А в отряде было голодно — это так. Мягко говоря, далеко не все запасы удалось вывезти из прежнего расположения; пока Федорук рыскал по округе, добывая продовольствие, пришлось забить на мясо несколько охромевших или пораненных лошадей, — было мясо, не было хлеба. Конину варили и жарили, конину заедали кониной. Но и ей пришел конец, а то, что выменял и реквизировал Иван Харитонович, надо было растягивать, делить на мелкие, в сущности, полуголодные порции. Помпохоз растягивал, а партизаны подтягивали пояса. С назойливой придирчивостью следил Скворцов, чтоб при распределении харча отрядное начальство не очутилось в привилегированном положении: норму, как всем! Он не поленился присутствовать при раздаче этой самой нормы, не погнушался порыться в вещмешках, проверяя, что выдает Федорук рядовым партизанам и что командованию. И обнаружил: командованию харча перепадает побольше и попитательней. Ну и задал взбучку Ивану Харитоновичу. Тот крутил головой и ослаблял воротник, будто шее было тесно. Терпел. Потом сказал:
— Игорь Петрович, товарищ командир отряда! Воля ваша, но не катите на меня бочку.

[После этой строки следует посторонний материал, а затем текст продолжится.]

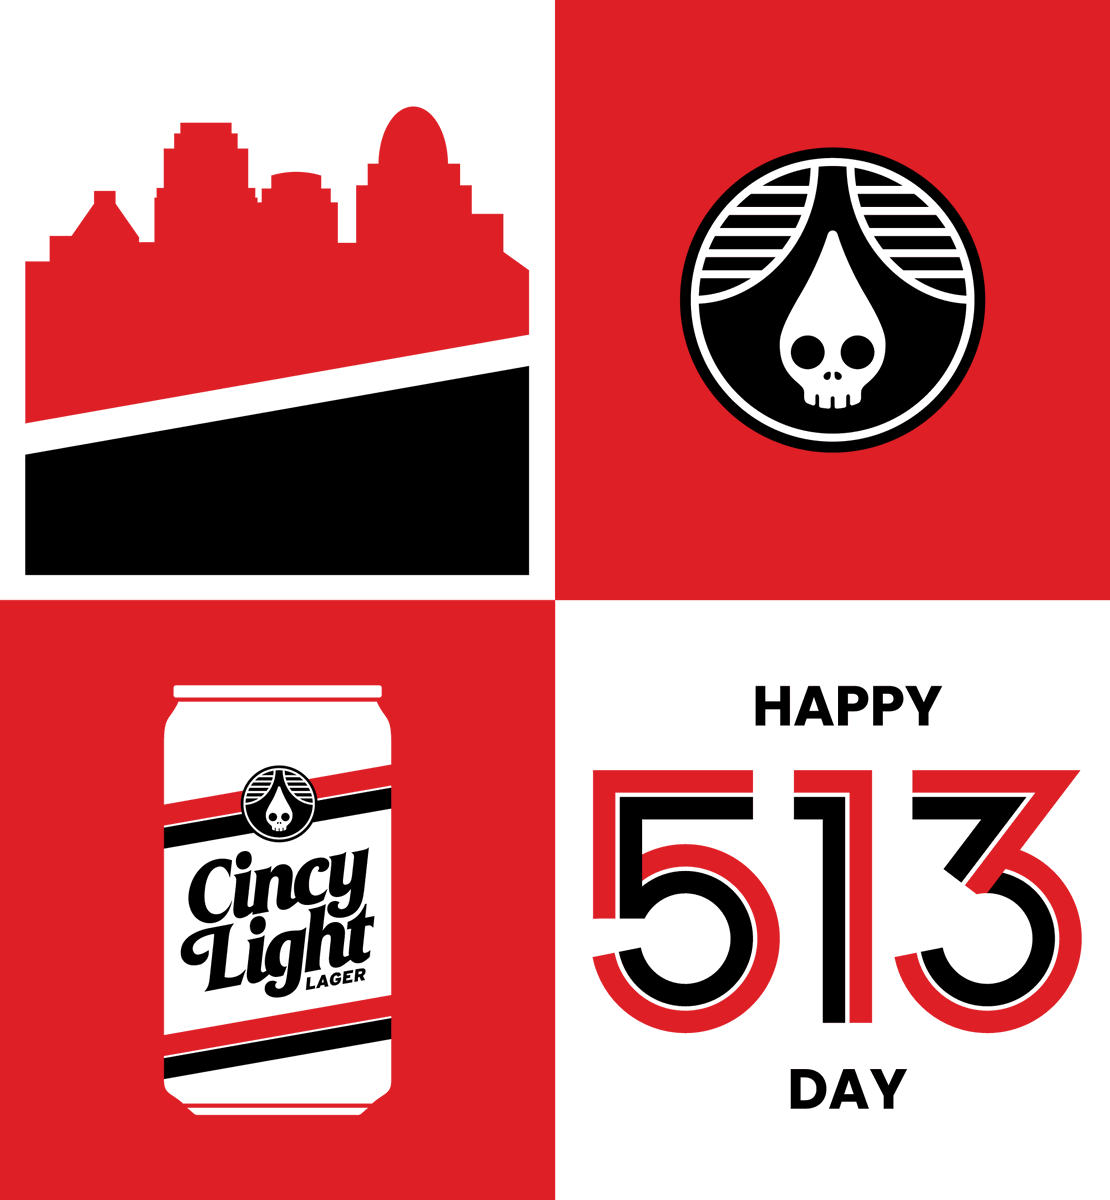 Happy #513Day Cincinnati!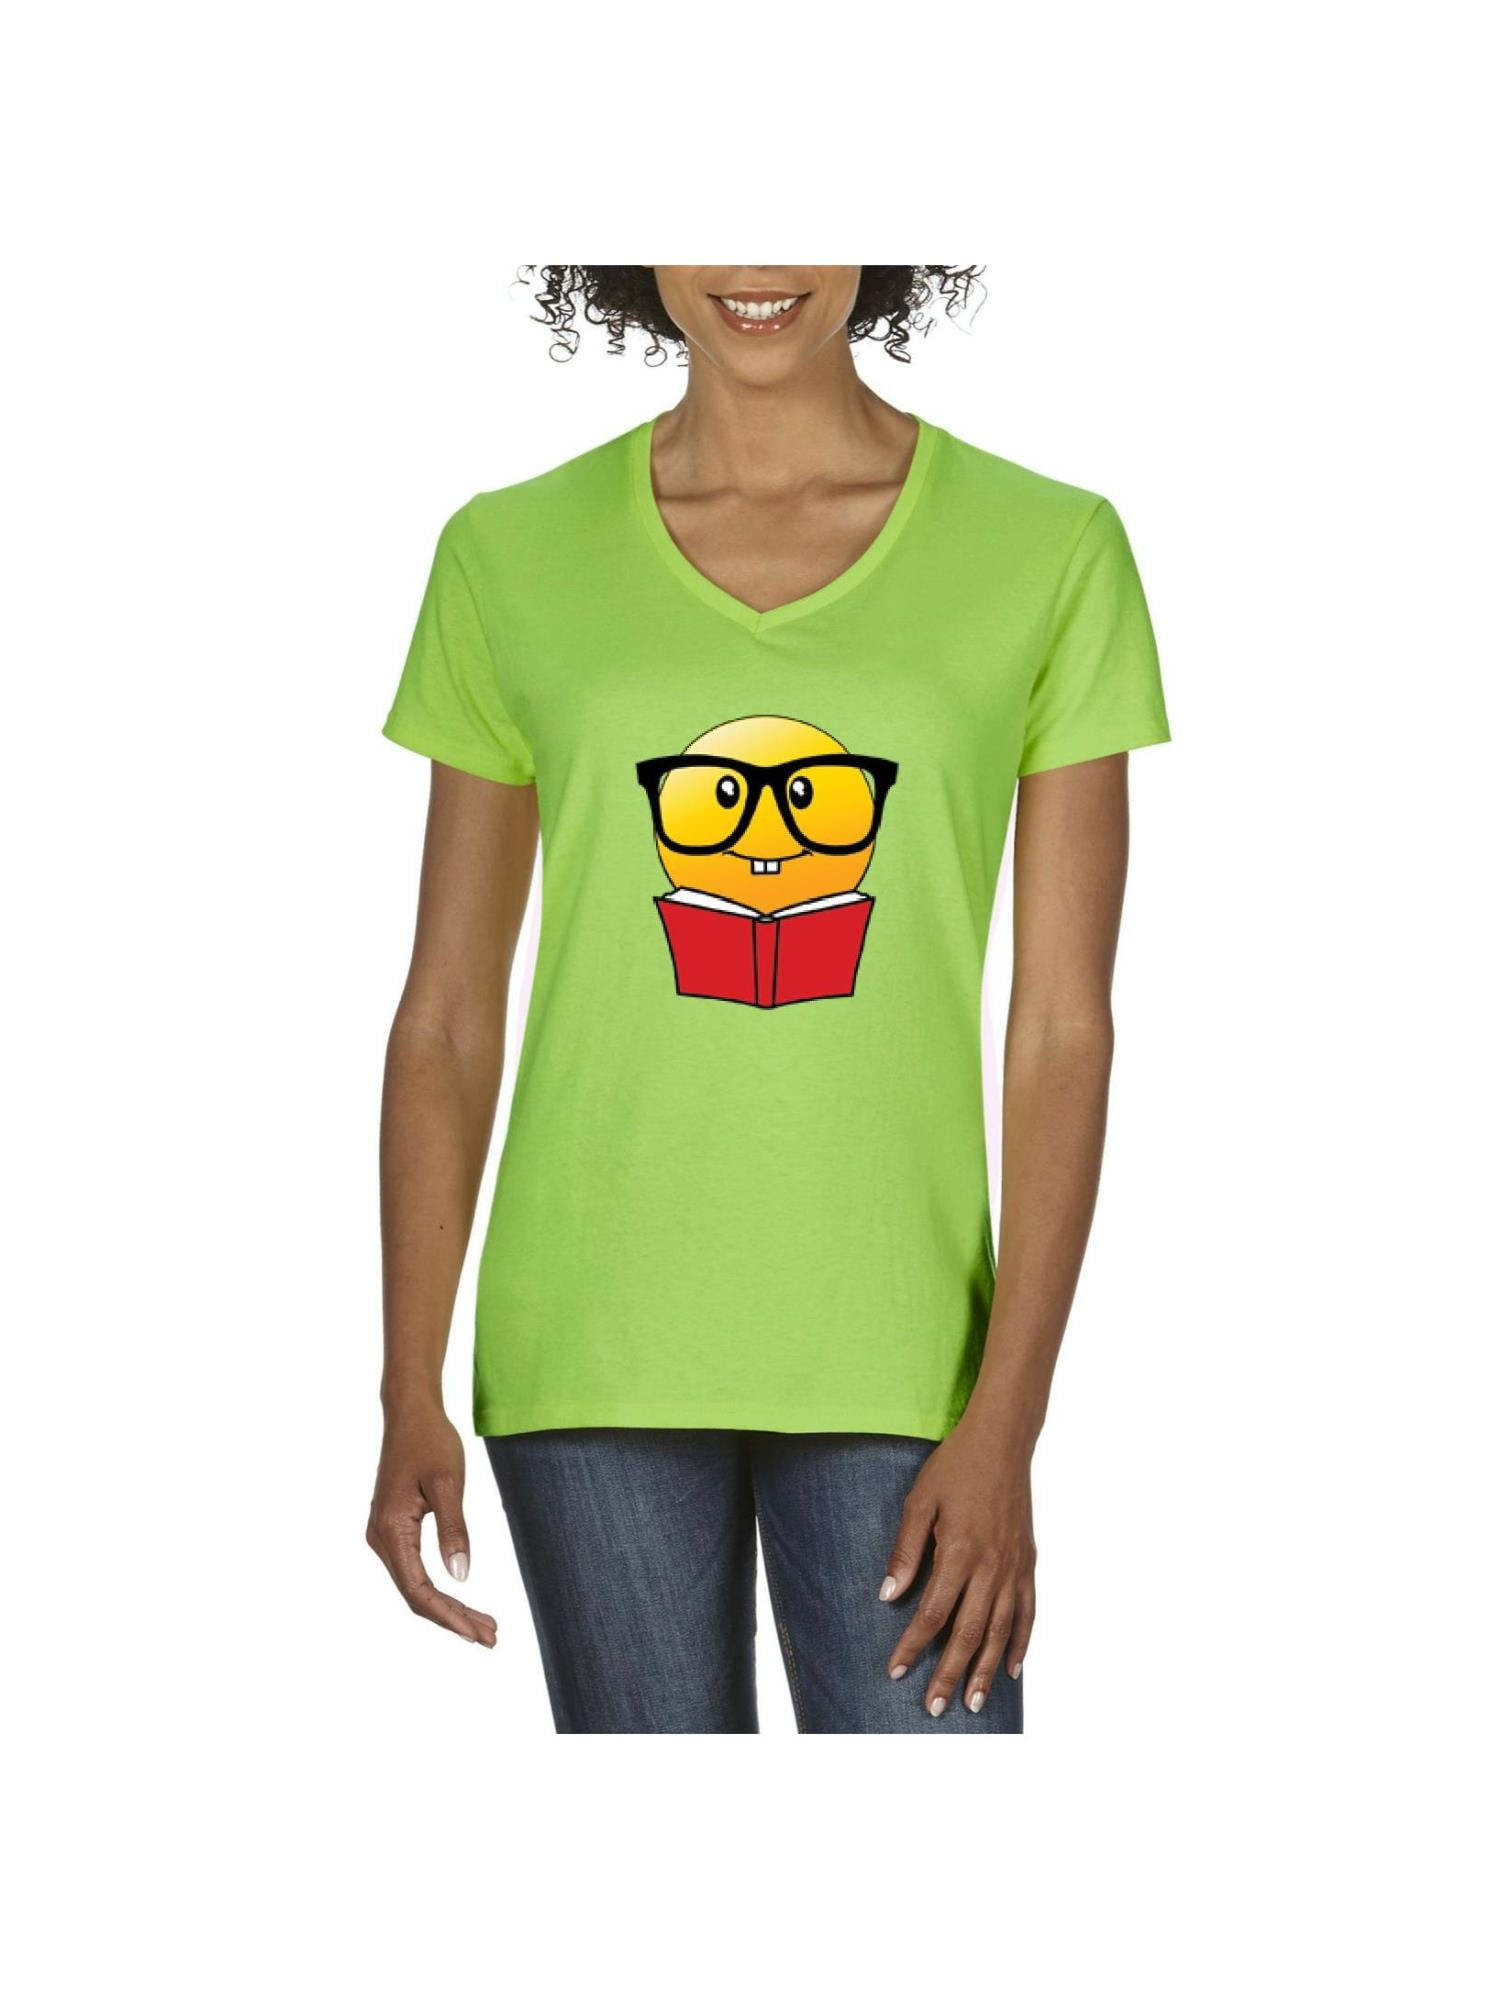 IWPF - Women's T-Shirt V-Neck Short Sleeve, up to Women Size 3XL - Bookworm  Reading Book

— Что? — грозно спросил Скворцов.
— Напрасно вы, говорю, меня упрекаете. — Иван Харитонович снизил тон. — На каком основании я должен заниматься уравниловкой? Разве ж в армии регулярной комсостав и бойцы получают одинаковое обмундирование и питание?
— Разница там небольшая. — Скворцов тоже убавил громкость. — Да мы-то, к сожалению, не регулярная армия. Условия у нас особые, партизанские, все на виду. Когда всего в достатке, незаметно, кому сколько достается. Когда скудно, видно, как на ладони. Не хочу и не позволю, чтоб в меня пальцами тыкали…
— Командир прав, — сказал Емельянов.
— Безусловно прав, — сказал и Новожилов, в душе, однако ж, сомневавшийся: стоит ли в принципе нарушать порядок, по которому командиры имеют привилегии.
— Да я что ж? Я ничего ж, — сдался Федорук, искательно поглядывая снизу вверх на командиров, и Новожилову стало его жаль, пожилого, ищущего поддержки у них, молодых; и в чем он, собственно, виноват? Хотел как лучше. И Федорук произнес это же:
— Хотел как лучше. Ошибался, стало быть. Учту. Исправлюсь.
— Договорились, Иван Харитонович, — примирительно сказал Скворцов.
— Договорились, договорились. — Федорук обрел прежнюю уверенность. — Только будет в желудке некоторое облегчение.
Емельянов похлопал его по плечу:
— Если будет всем голодно, полезно и начальству поголодать.
— На голодный желудок ясней голова, — сказал Скворцов.
— С голодухи злей воюется, — сказал Новожилов.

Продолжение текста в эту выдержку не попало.